You need to use logarithmic identities, such that:
`log a = log b => a = b`
Reasoning by analogy, yields:
`log(2x - 5) = log(x^2 + 3) => 2x - 5 = x^2 + 3`
`x^2 + 3 - 2x + 5 = 0 => x^2 - 2x + 8 = 0`
Completing the square `x^2 - 2x` yields:
`(x^2 - 2x + 1) - 1 + 8 = 0 => (x -1)^2 = -7`
`x - 1 = +-sqrt(-7) !in R`
Hence, evaluating the solutions to the given equation yields that there are not any.
To verify if the roots of the equation are real numbers, we'll have to compute the roots. Before solving the equation, we'll impose the constraints of existence of logarithms.

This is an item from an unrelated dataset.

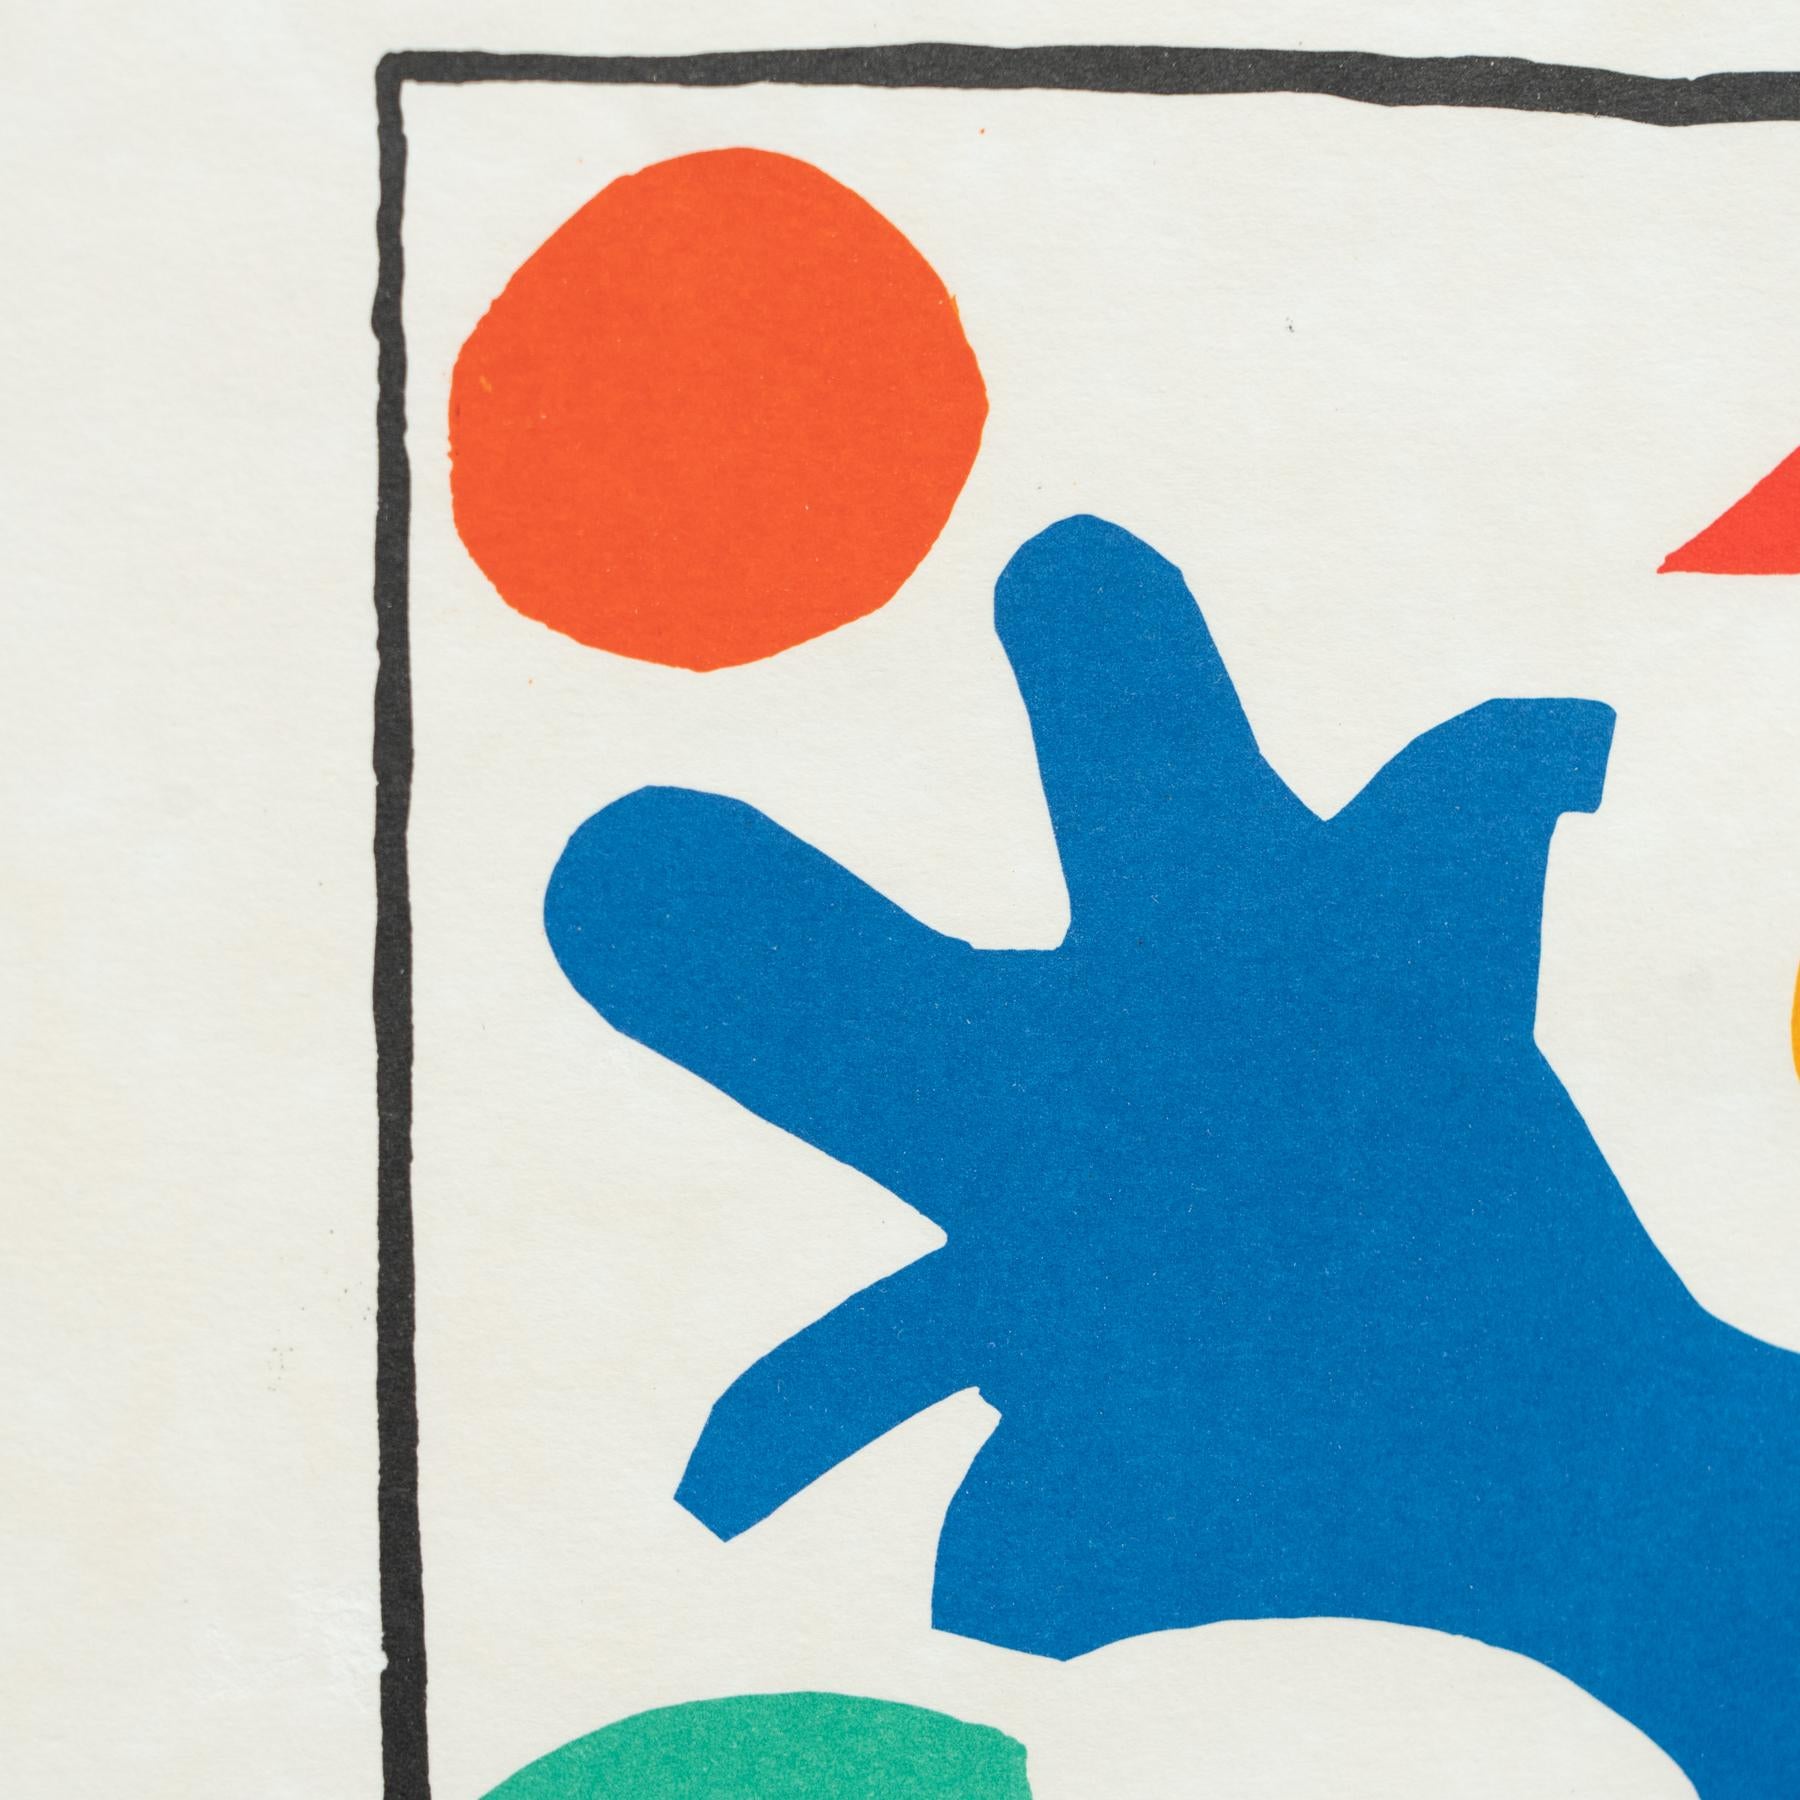 Paper Henri Matisse 'Coquelicots' Lithograph', circa 1954

Since x^2+3 is positive for any value of x, we'll set the only constraint for the given equation:
2x - 5>0
log (2x-5) = log (x^2+3)
Since the bases are matching, we'll use the one to one property:
2x - 5 = x^2 + 3
We'll move all terms to one side:
x^2 + 3 - 2x + 5 = 0
We'll combine like terms:
x^2 - 2x + 8 = 0
We'll apply the quadratic formula:
x1 = [-b+sqrt(b^2 - 4ac)]/2a
x1 = [2+sqrt(4 - 32)]/2
Since sqrt (-28) is not a real value, the equation has no real solutions.